Conference: CVPR 2026
arXiv: 2606.12047
Code: None
Area: Video Understanding / Multimodal VLM / Traffic Accident Understanding
Keywords: Zero-Shot Accident Understanding, Task Decomposition, Multi-Prompt Reasoning, Open-Vocabulary Detection, Temporal Localization

TL;DR¶

This paper decomposes the task of "understanding traffic accidents from surveillance videos" into three independent sub-tasks: when, what, and where. The pipeline utilizes visual-language similarity to identify the impact moment, employs five complementary prompts with entropy-gating for accident type classification, and applies a type- and scene-conditioned open-vocabulary detector to localize the impact point. The entire framework is zero-shot, requires no fine-tuning, runs on a single 24GB GPU, and improves the harmonic mean score on the ACCIDENT@CVPR 2026 benchmark from a 0.349 baseline to 0.402.

Background & Motivation¶

Background: Traditional methods for traffic accident analysis in surveillance or dashcam footage (e.g., DSAR-NN, CADP, DoTA, TAD) mainly focus on detecting "if" and "when" an accident occurs. Accident types are often treated as auxiliary labels, and the impact location is rarely explicitly modeled. The ACCIDENT@CVPR 2026 challenge requires the simultaneous output of three elements: accident time, collision type (rear-end / T-bone / head-on / sideswipe / single), and impact point pixel coordinates.

Limitations of Prior Work: Vision-Language Models (VLMs) are naturally suited for interpreting visual evidence via text queries. However, if accident analysis is formulated as a single end-to-end prompt requiring the model to answer all questions at once, the model must make multiple complex judgments simultaneously. This results in unstable outputs and a tendency for the model to take "shortcuts"—focusing on prominent vehicles or background cues rather than the specific interacting entities. Since accident categories are visually similar and the decisive impact often occurs in only a few frames, these issues are exacerbated.

Key Challenge: A single monolithic prompt forces the VLM to handle temporal localization, classification, and spatial localization simultaneously. These objectives interfere with each other, where a mistake in one component can pollute the entire output. Real CCTV footage, characterized by low resolution, compression artifacts, occlusions, and shallow camera angles, further complicates this "all-in-one" approach.

Goal: Under a zero-shot setting without any real-world annotations (using only the CARLA synthetic development set), the goal is to decouple the "when, what, and where" of an accident. Each sub-task is addressed independently using the most suitable tools and focused queries.

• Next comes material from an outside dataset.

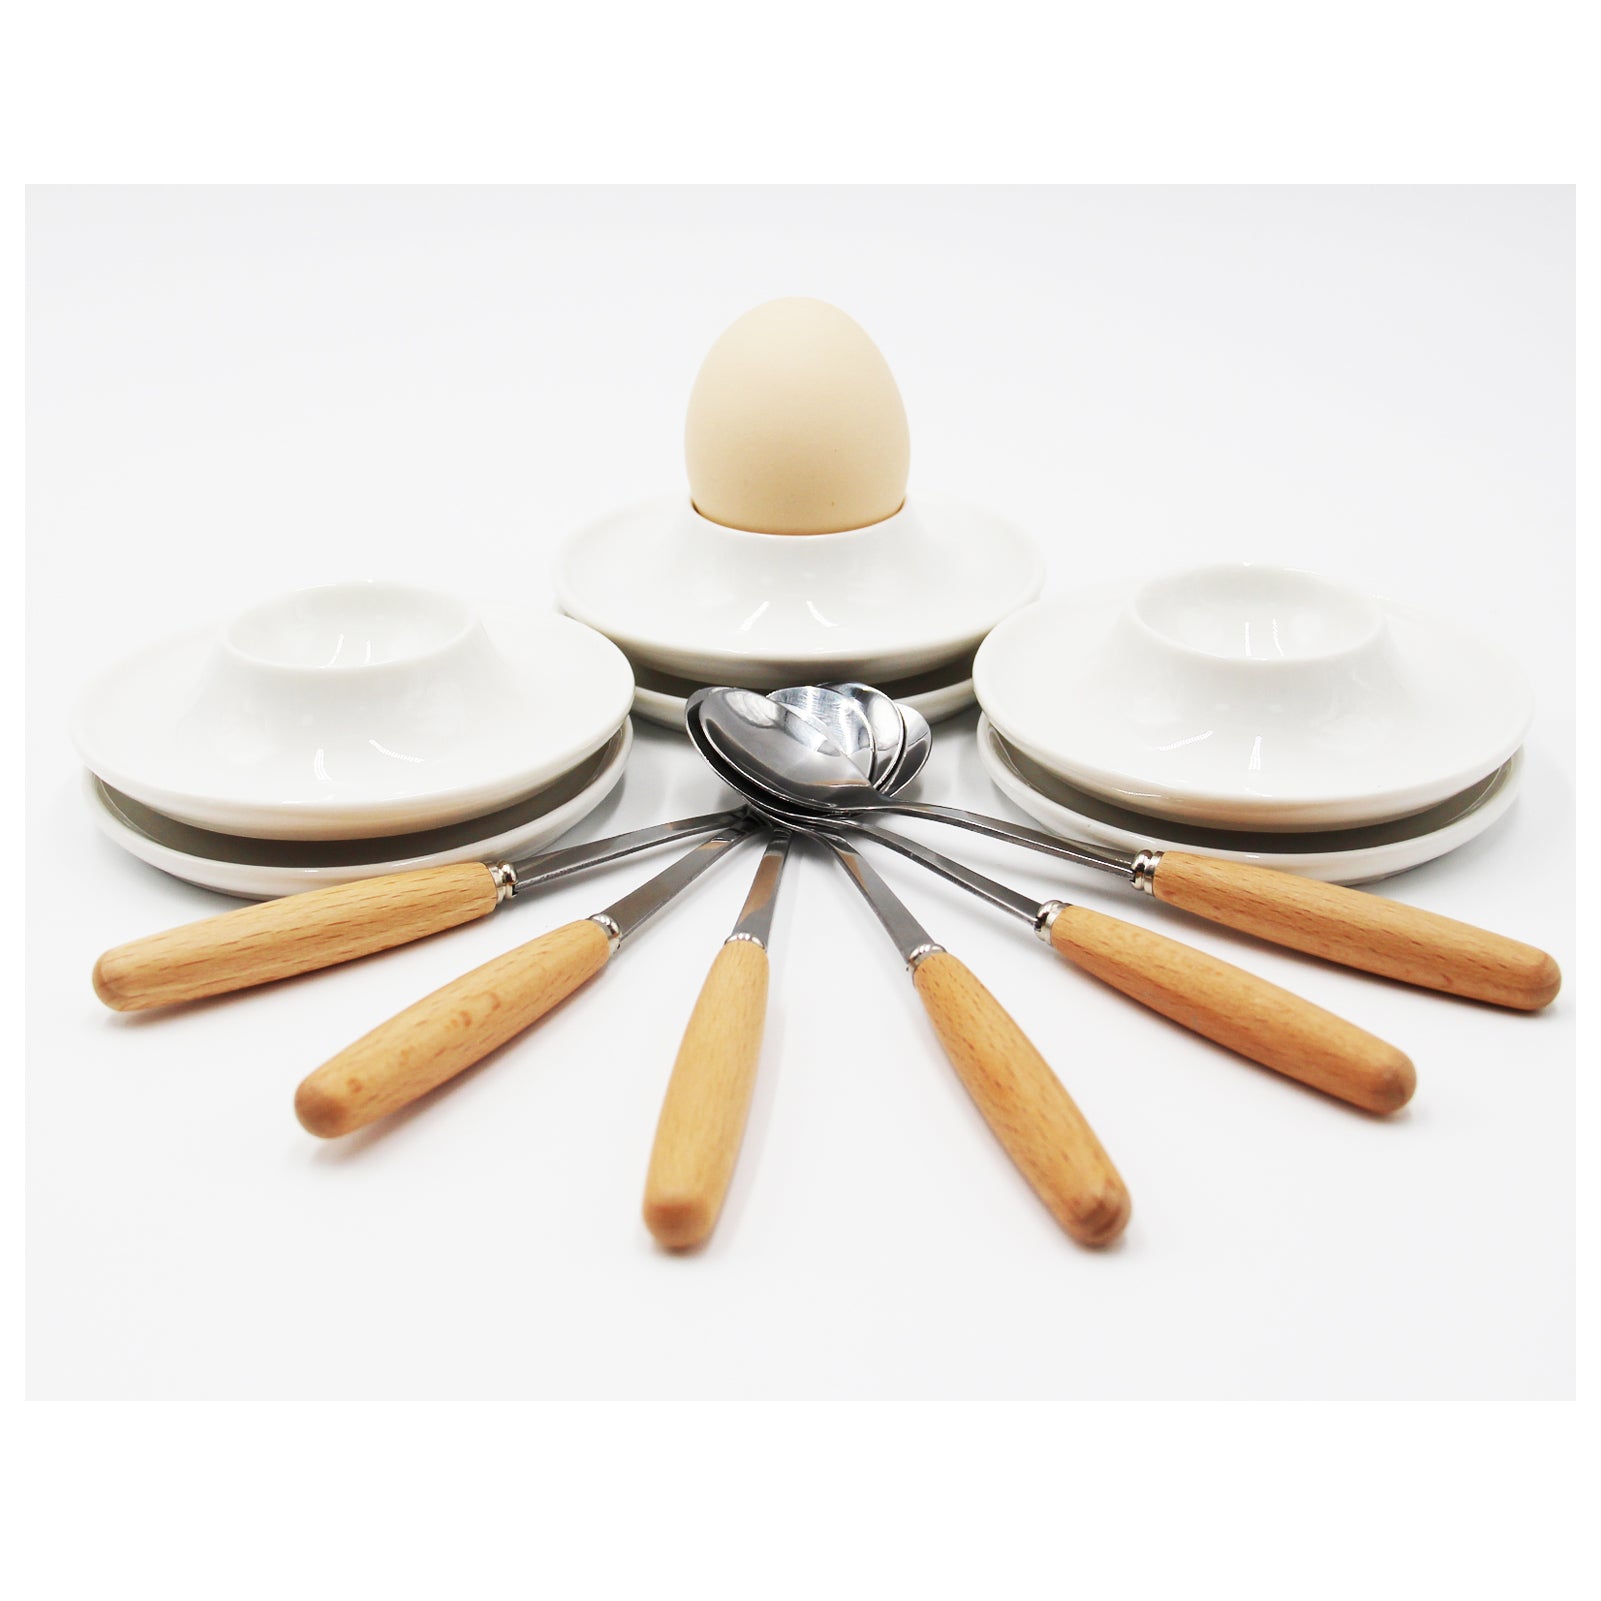 JAMOR Round Egg Ceramic Egg Cup White Ceramic Egg Rack Set Egg Tray Egg Cup Holder, Used For Hard And Soft Boiled Eggs Ceramic Egg Rack

Core Idea: Replace the end-to-end prompt with a three-stage when \(\to\) what \(\to\) where pipeline. Each stage receives narrower input and more specific questions, leading to more reliable VLM reasoning and allowing for independent component upgrades.

Method¶

Overall Architecture¶

The system is a three-stage serial pipeline that takes a fixed CCTV video as input and outputs (accident time \(\hat{t}\), accident type \(\hat{c}\), impact point \((\hat{x}, \hat{y})\)). The when stage uses Meta's Perception Encoder (a CLIP-like contrastive VLM) to score each frame based on its similarity to the "traffic accident" text query. It selects peak similarity frames and expands a \(\delta=2\) second window around them to capture the impact-centric segment; the accident time is the window midpoint. Key frames within this window are passed to the next stages. The what stage uses five complementary structured prompts to query Qwen-3.5-VL 9B for a majority vote on the classification, triggered by an entropy/margin gate for tie-breaking. The where stage employs the predicted accident type and scene layout to condition an OWL-v2 open-vocabulary detector. Bounding boxes are aggregated across key frames, and the impact point is determined as the score-weighted centroid. The pipeline uses only open-source weights without fine-tuning.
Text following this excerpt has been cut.